Step 3: Run regression suite
Re-run ALL test cases (original + edge cases) to confirm nothing broke during refactoring.
Step 4: Document final test report
markdown
## Test Report: {agent-name}
| Metric | Result |
|--------|--------|
| Test Cases Run | N |
| Passed | N |
| Failed | N |
| Pass Rate | N% |
## Verdict
READY FOR DEPLOYMENT / NEEDS FIXES / REQUIRES REVIEWGate: Edge cases handled. Consistency verified. Full suite green. Test report documented. Fix is complete.
Examples
Example 1: Testing a New Reviewer Agent
User says: "Test the new reviewer-security agent"
Actions:
- Define 6 test cases: 2 real issues, 2 clean code, 1 edge case, 1 ambiguous (RED)
- Dispatch subagent for each, capture verbatim outputs (RED)
- Fix agent definition for any failures, re-run all tests (GREEN)
- Add edge cases (empty input, malformed code), verify consistency (REFACTOR) Result: Agent passes all tests, report documents pass rate and verdict
Example 2: Testing After Agent Modification
User says: "I updated the golang-general-engineer, make sure it still works"
Actions:
- Run existing test cases against modified agent (RED)
- Compare outputs to previous baseline (RED)
- Fix any regressions introduced by the modification (GREEN)
- Test edge cases to verify robustness not degraded (REFACTOR) Result: Agent modification validated, no regressions confirmed
Example 3: Testing Routing Logic
User says: "Verify the /do router sends Go requests to the right agent"
Actions:
- Define test cases: "Review this Go code", "Fix this .go file", "Write a goroutine" (RED)

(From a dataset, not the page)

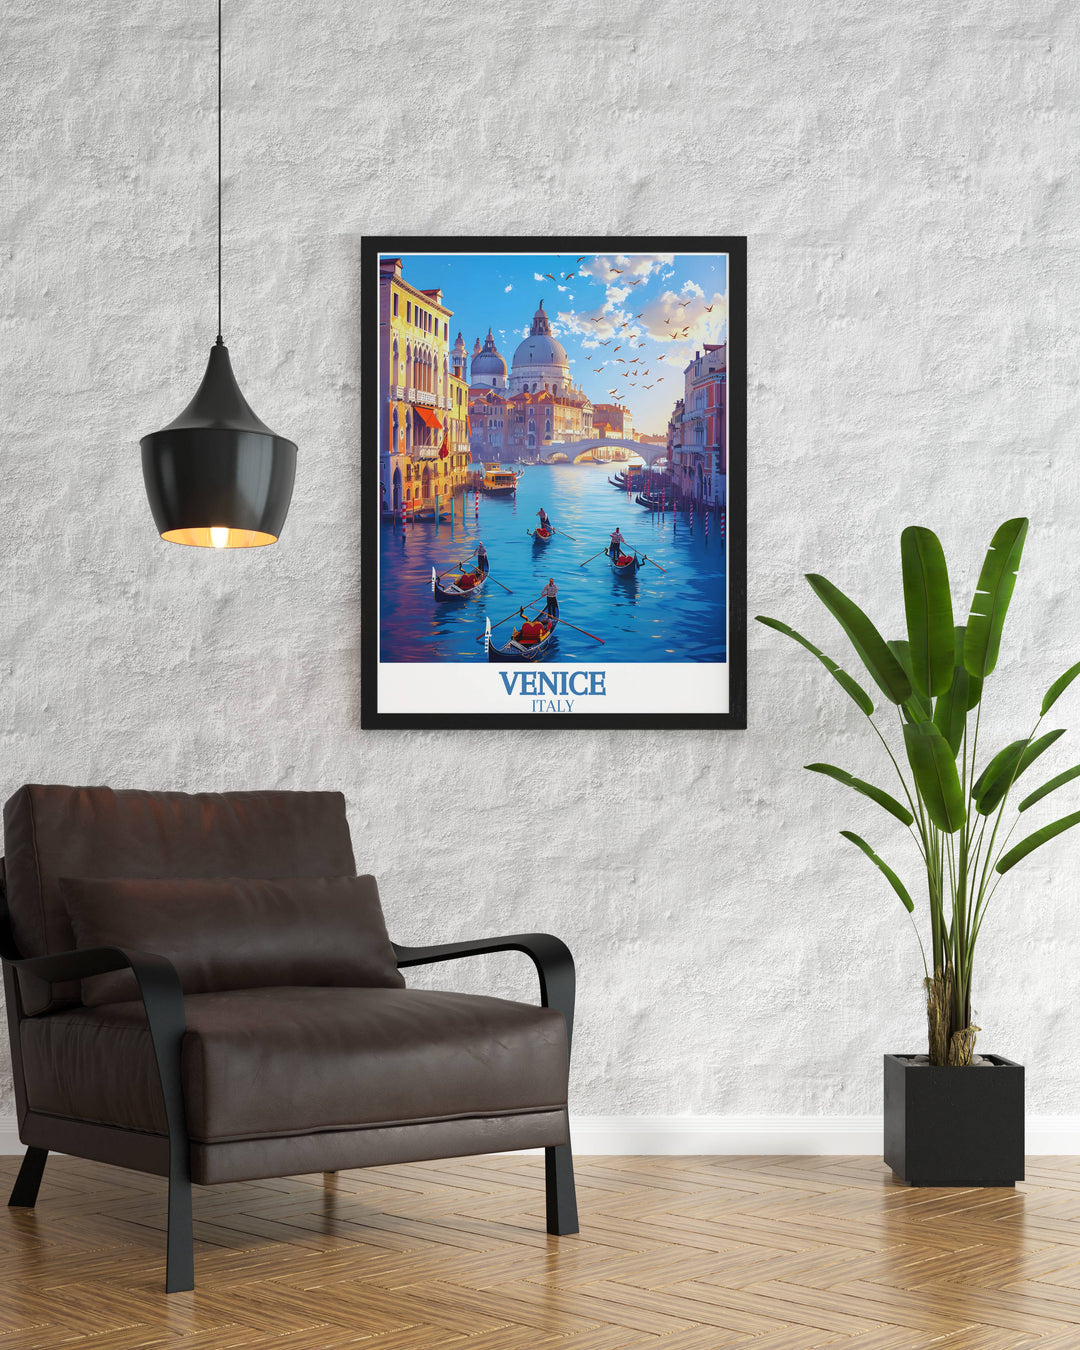 Beautiful travel poster of Venices Grand Canal, highlighting the picturesque scenery and iconic landmarks, such as the Rialto Bridge, evoking the charm and romance of this magical city, ideal for creating a sophisticated gallery wall.

- Dispatch each through router, verify correct agent handles it (RED)
- Fix routing triggers if wrong agent selected (GREEN)
- Test ambiguous inputs like "Review this code" with mixed-language context (REFACTOR) Result: Routing validated for all trigger phrases, ambiguous cases documented
Error Handling
Error: "Agent type not found"
Cause: Agent not registered or name misspelled
Solution:
- Verify agent file exists:
ls agents/{agent-name}.md - Check YAML frontmatter has correct field
name - Restart Claude Code to pick up new agents
Error: "Inconsistent outputs across runs"
Cause: Agent produces different results for same input
Solution:
- Document the inconsistency — this is a valid finding
- Add more explicit instructions to agent definition
- Re-test consistency after fix
- Determine if variation is acceptable (phrasing) or problematic (structure/findings)
Error: "Subagent timeout"
Cause: Agent taking too long to respond
Solution:
- Simplify test input to reduce processing
- Check agent isn't in an infinite loop or excessive tool use
- Increase timeout if agent legitimately needs more time
Error: "Agent asks questions instead of answering"
Cause: Agent needs clarification that test input did not provide
Solution:
- This may be correct behavior — agent properly requesting context
- Update test input to provide the required context
- Or update agent definition to handle ambiguity with defaults
- Document whether questioning behavior is acceptable for this agent type
Anti-Patterns
Anti-Pattern 1: Testing Without Capturing Exact Output
What it looks like: "Tested the agent, it looks good."
Why wrong: No evidence of what was tested. Cannot reproduce or verify results. Subjective assessment instead of objective evidence.
Do instead: Capture verbatim output for every test case. Document input, expected, actual, and result.
Anti-Pattern 2: Testing Only Happy Path
What it looks like: "Tested with one example, it worked."
Why wrong: Agents fail on edge cases most often. One test proves almost nothing. False confidence in agent quality.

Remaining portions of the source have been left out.